Путь предстоял не короткий. Раньше, в советские времена, чтобы доехать от столицы Украины до своего родного русского города, требовалось пять часов. Теперь, в начале нового тысячелетия, транспорт стал более скоростным, но тот же маршрут стал более длинным – появилась граница и всякие, связанные с ней, тормозящие гадости (бывший советский человек именно так воспринимал пограничные формальности).
Русский по крови и рождению Сергей Грохов считал себя киевлянином – если не коренным, то глубоко укоренившимся. В свое время, когда молодость потянула в столицу, он оказался, так получилось, не в Москве, а в Киеве. Его родной город находился ближе к «матери городов русских», чем к столице СССР. Была, правда, еще одна причина, по которой Москва его тогда не приняла…
Так долго ехать автобусом не было никакой материальной необходимости. Можно было взять «Волгу» с водителем, которые всегда в его распоряжении, и доехать гораздо быстрее. Можно было сесть в свою еще не очень старую «девятку», на которой ездил по доверенности. А можно было уже давно иметь свою машину, даже вполне приличную новую иномарку.
Грохов не покупал машину. По той же причине, что и квартиру. Не нужно быть привязанным к чему-либо, то ли к машине, то ли к квартире, то ли к человеку.

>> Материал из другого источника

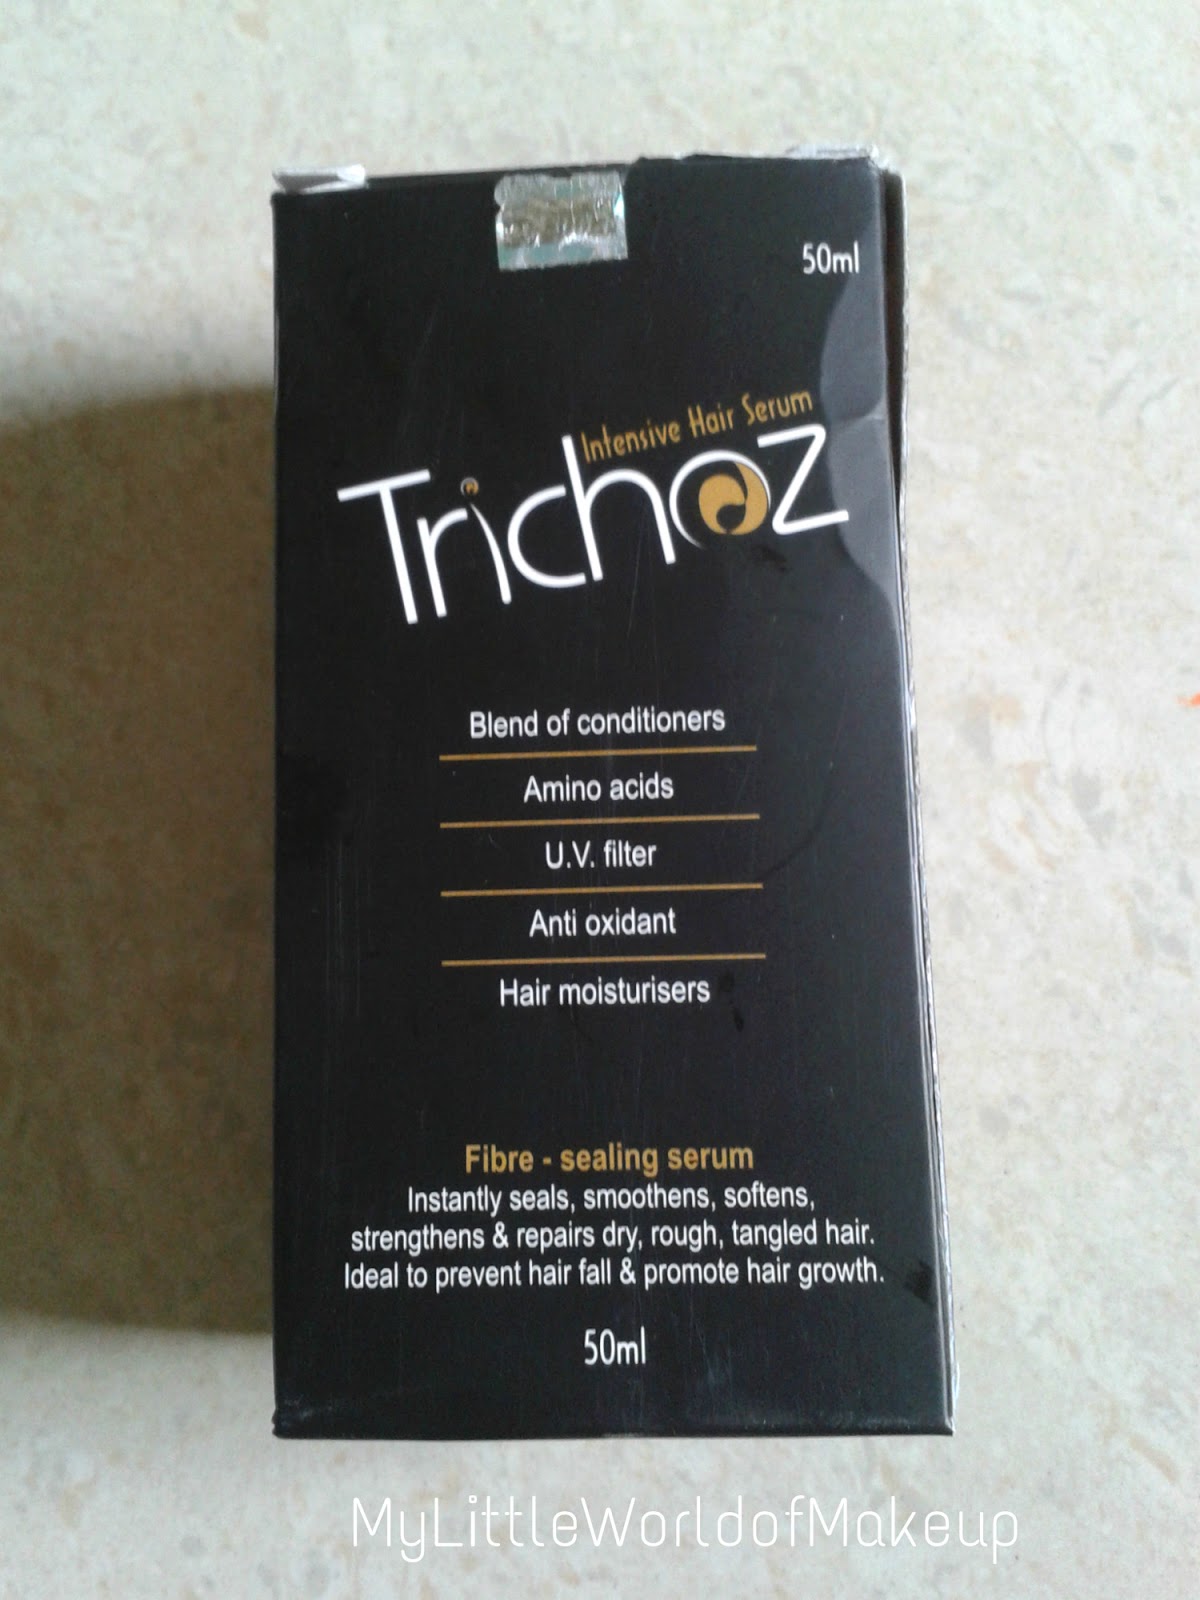 Trichoz Hair Serum 50ml Each Buy combo pack of 4 bottles at best price  in India  1mg
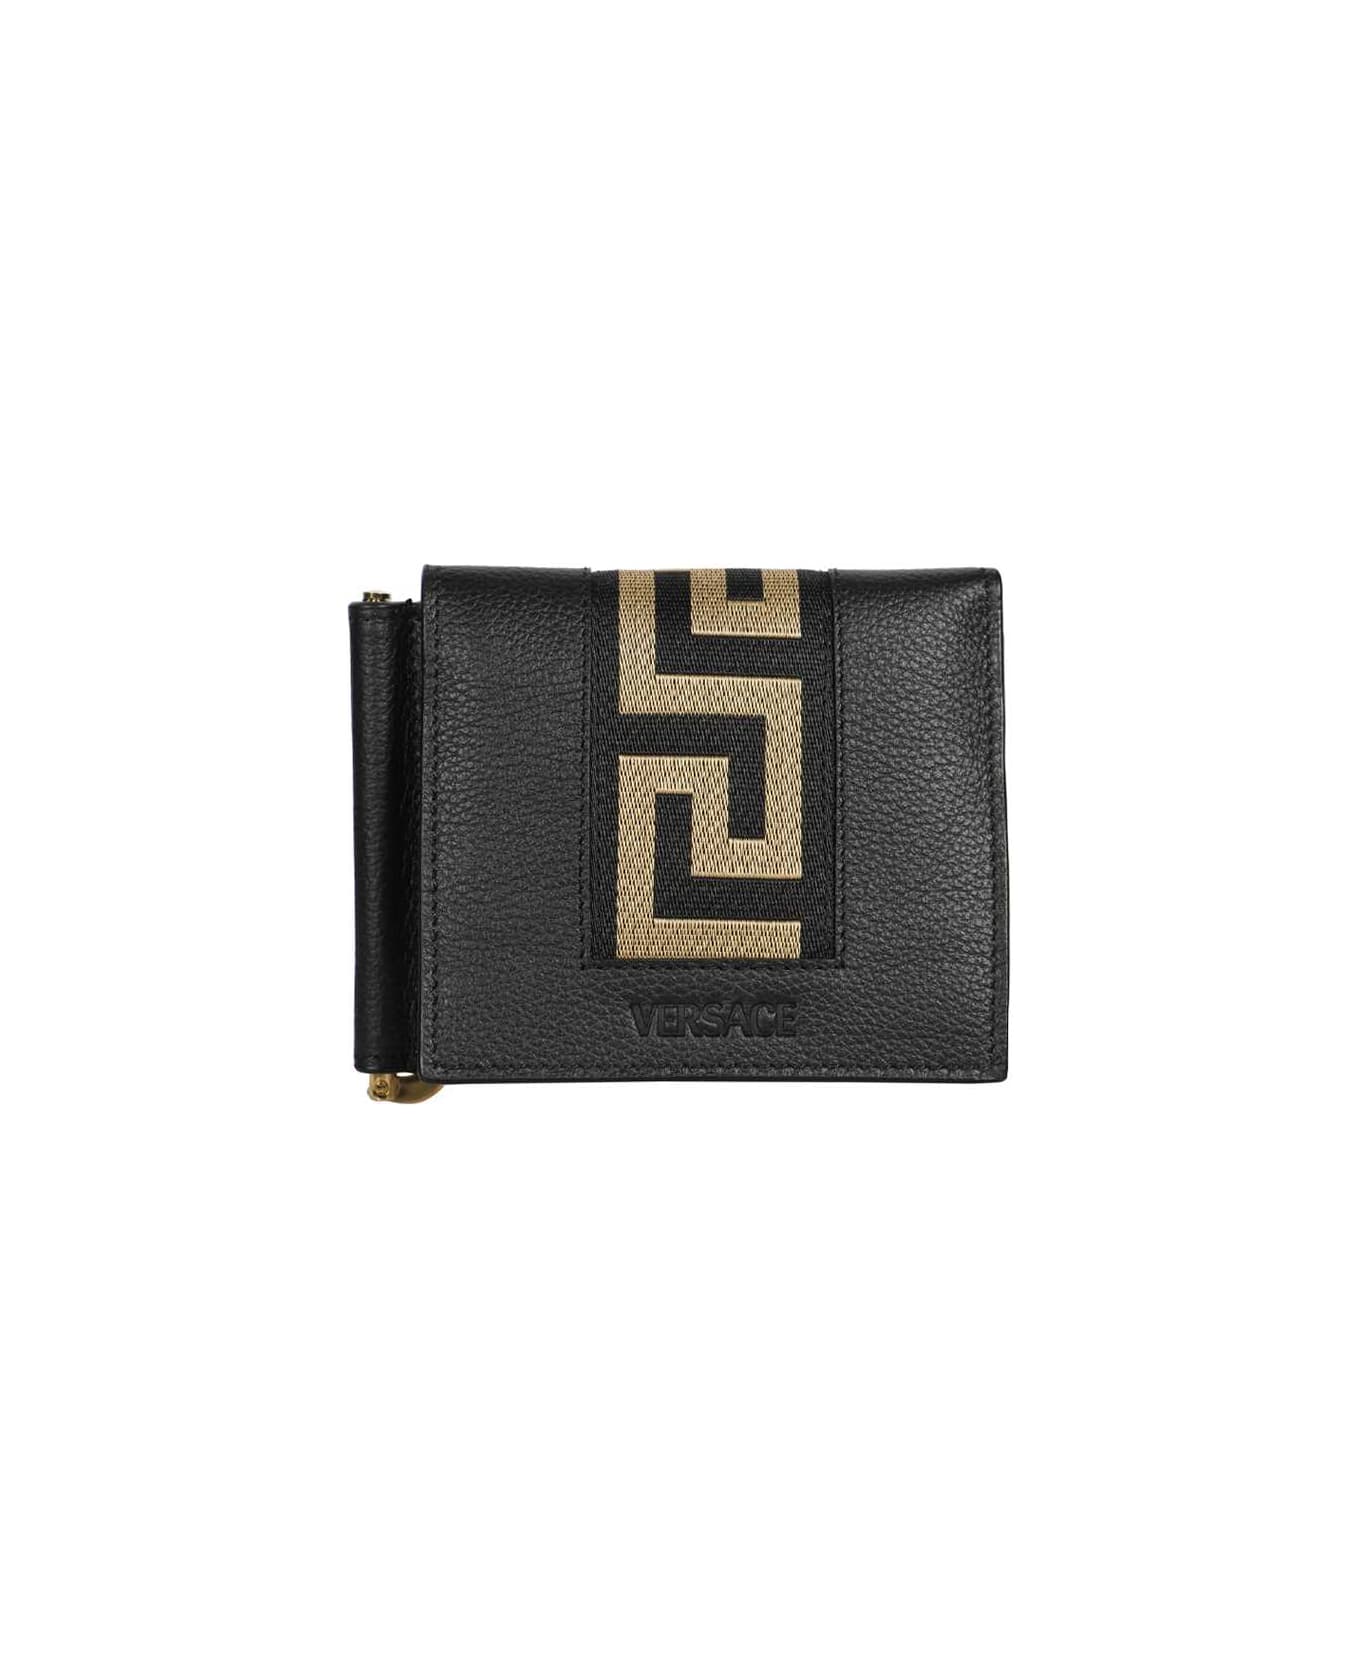 Versace Leather Flap-over Wallet - black

Любая привязанность – несвобода, что не только нежелательно, а и губительно для его нынешней жизни (начать жить как все – никогда не поздно, а пока не хотелось). Квартиру в Киеве снимал. Точнее – две. Первая нужна исключительно для его жизни – адрес и номер телефона не знала ни одна мало-мальски знакомая душа. Вторая – «с дверью в смрадный мир», то есть для официальной работы, для друзей, для подруг. Впрочем, с некоторых пор «подруг» заменила одна. Он долго не мог понять, как так произошло, но в последнее время ему женщины были не нужны, кроме Оленьки. К другим не тянуло, но они были. Точнее, так: хоть они, другие, и были, но к ним не тянуло…
Так же, как и в Киеве, он уже почти год снимал две квартиры в Москве…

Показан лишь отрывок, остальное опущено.